## Problem to work on
Any pictures in the records below must be left out when you repeat the lines from the line containing "1981 DeLorean DMC-12" through the line containing "s-space-veranda.JPG" exactly.

## Entries supplied
========================================================================
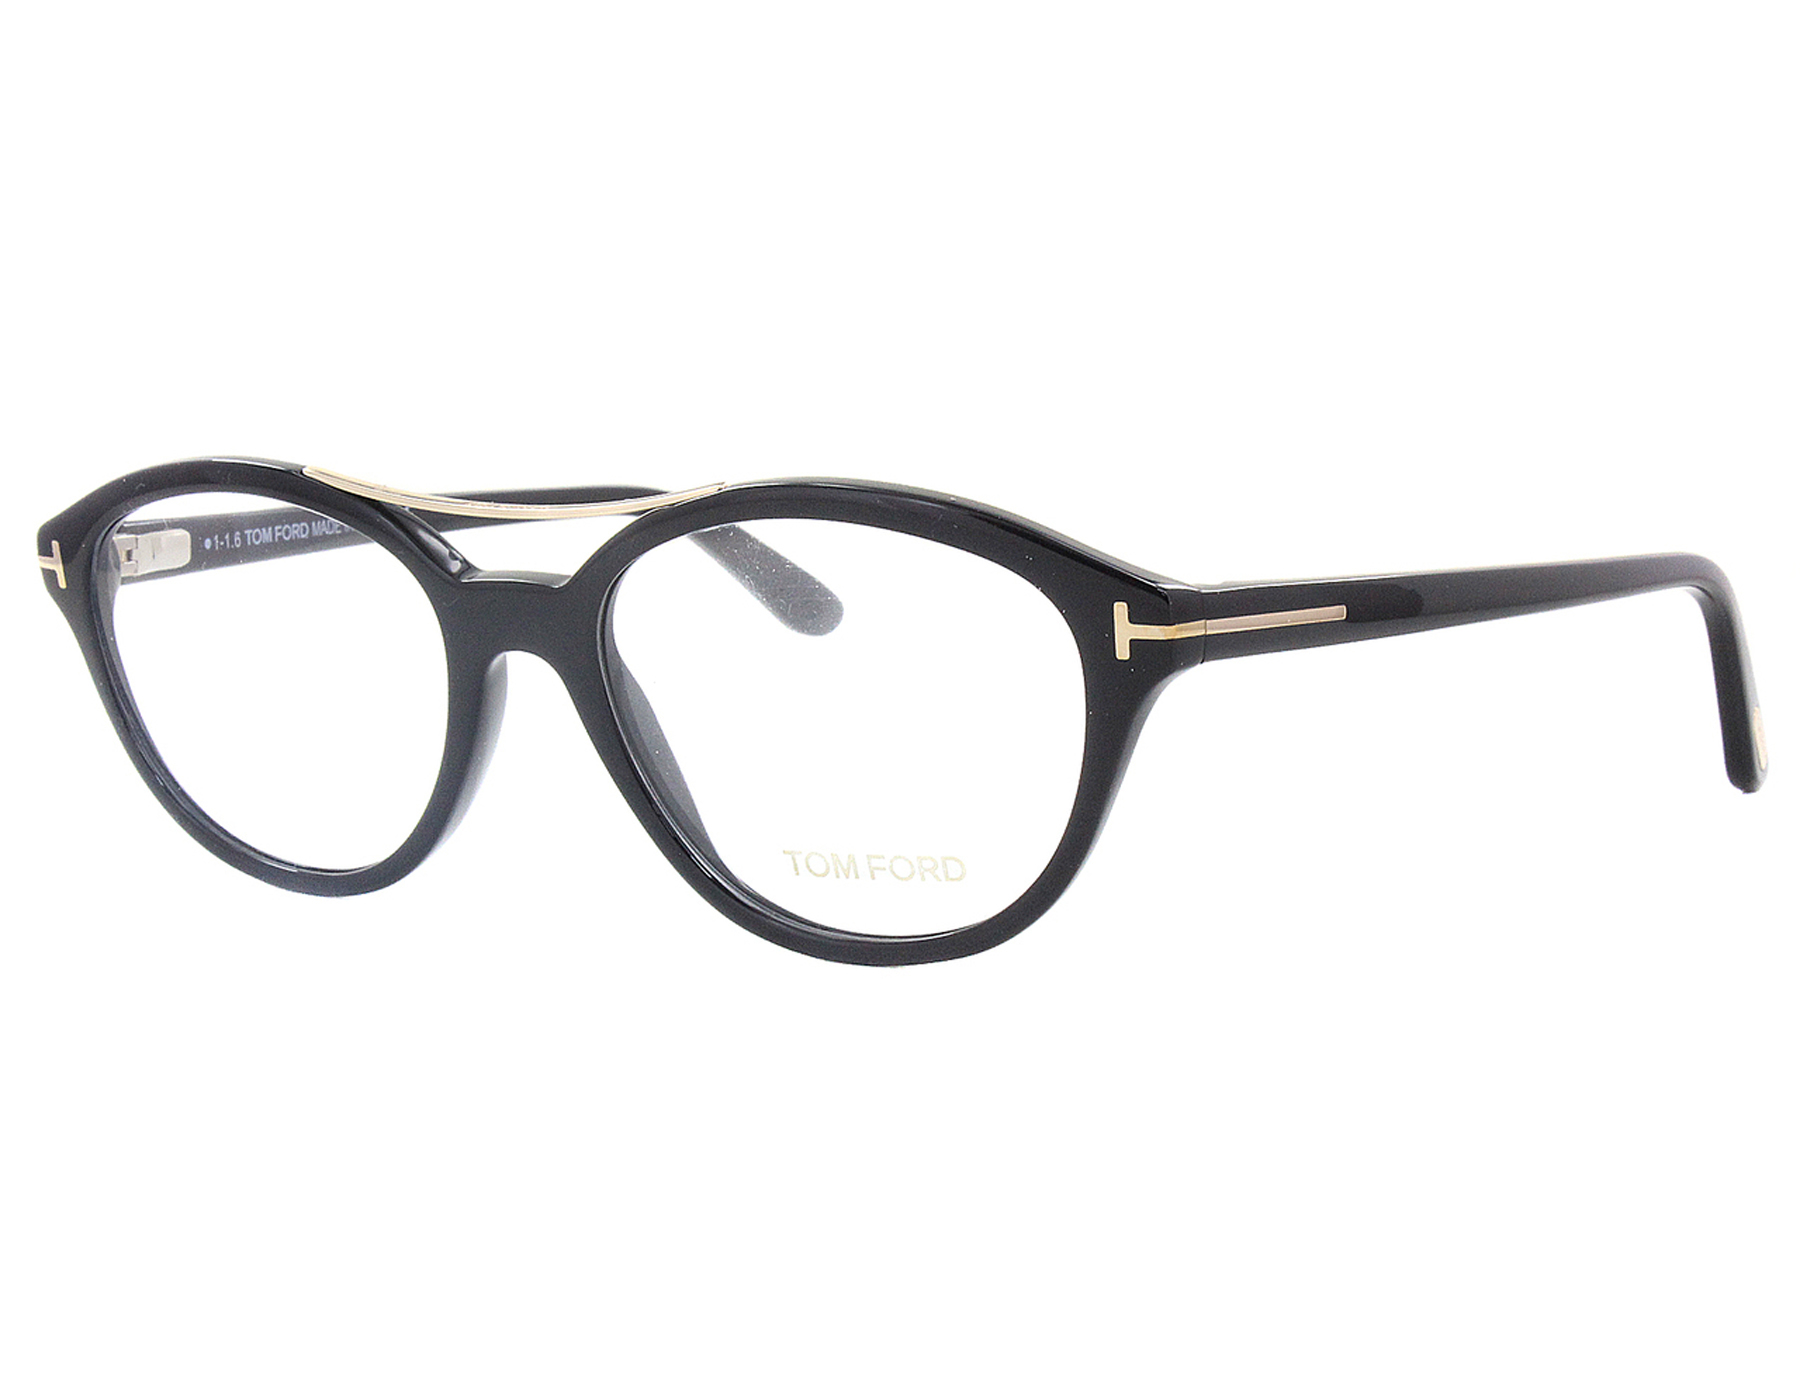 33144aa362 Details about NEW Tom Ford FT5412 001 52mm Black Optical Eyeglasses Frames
========================================================================
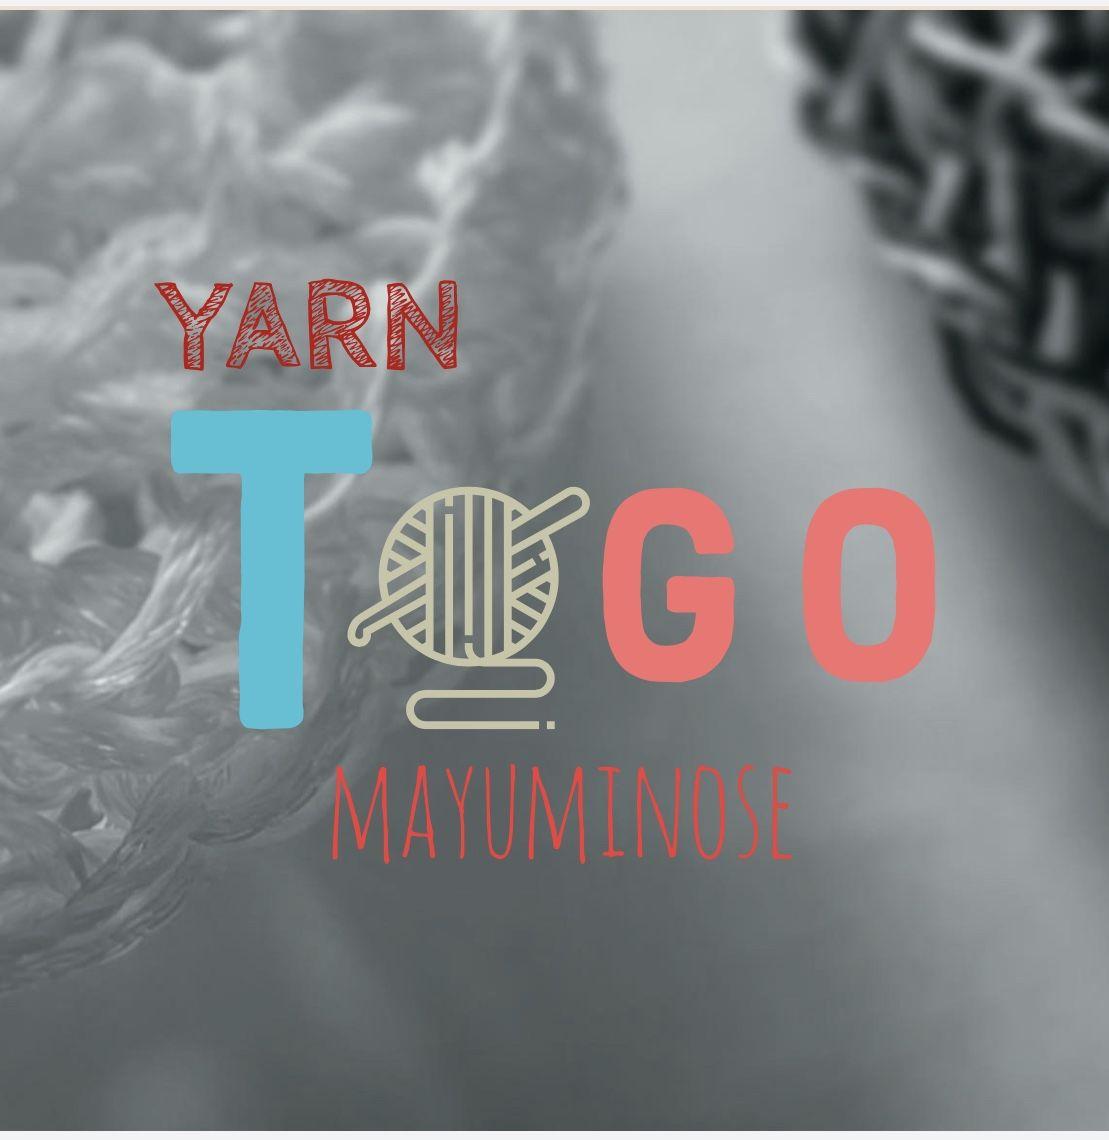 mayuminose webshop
========================================================================
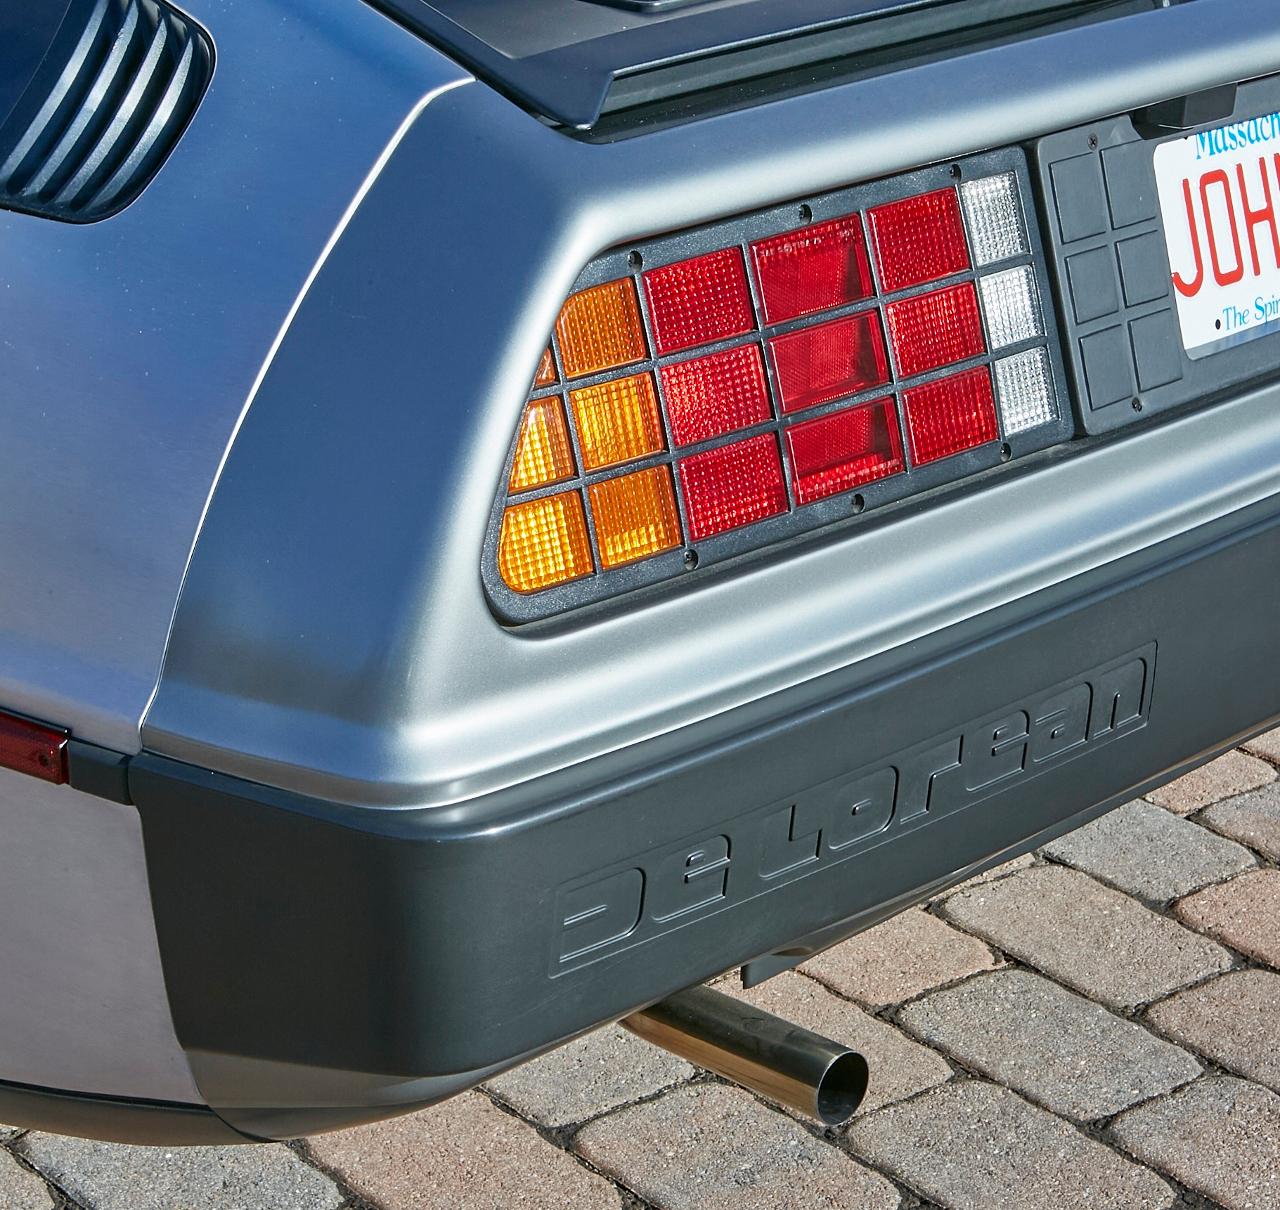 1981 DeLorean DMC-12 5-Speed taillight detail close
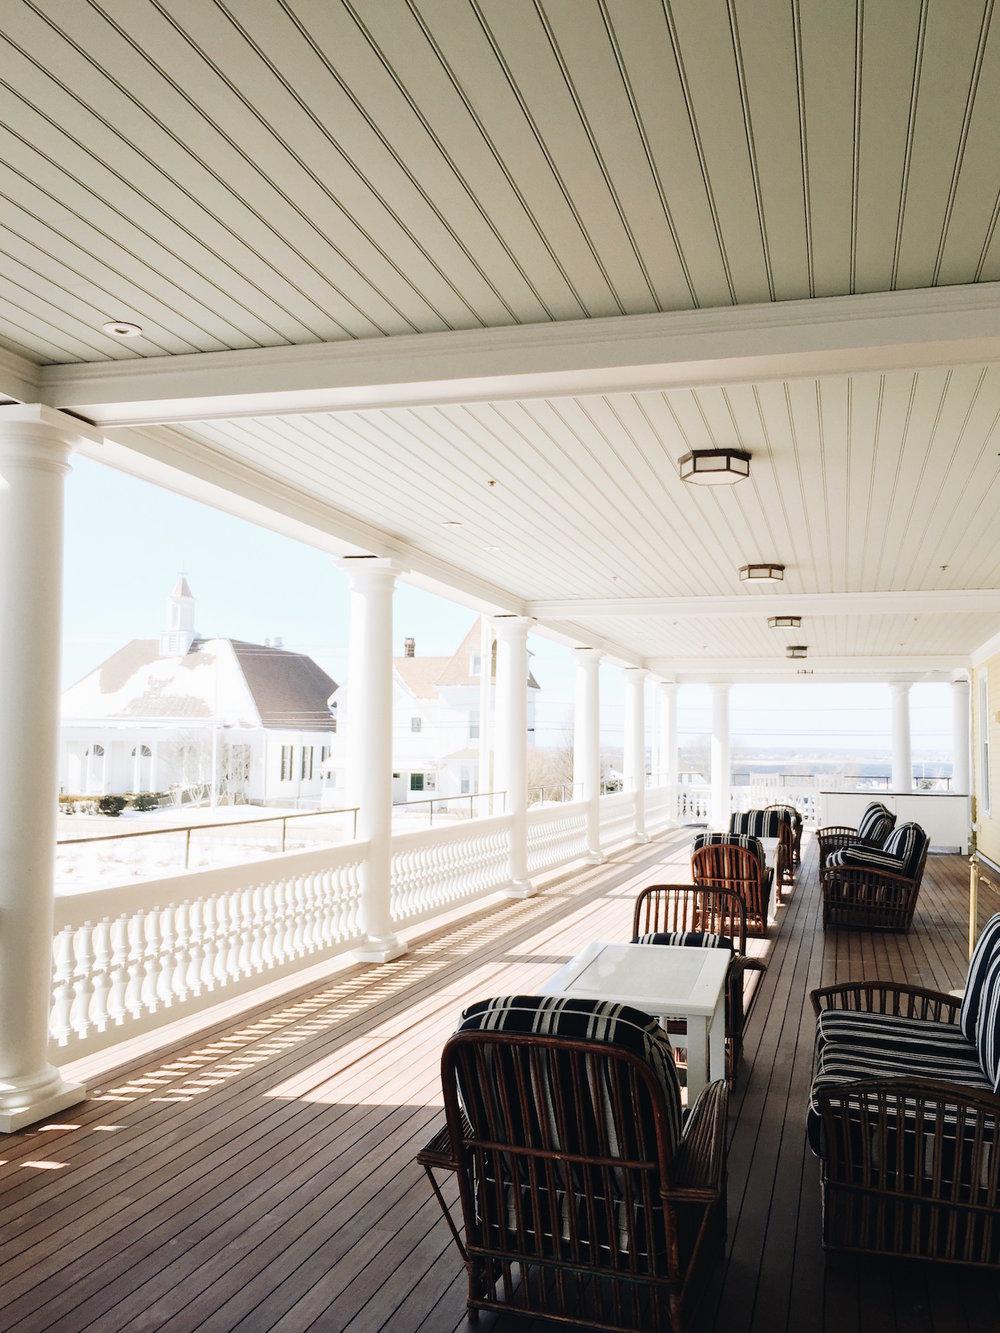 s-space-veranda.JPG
========================================================================
## Your response
 1981 DeLorean DMC-12 5-Speed taillight detail close
 s-space-veranda.JPG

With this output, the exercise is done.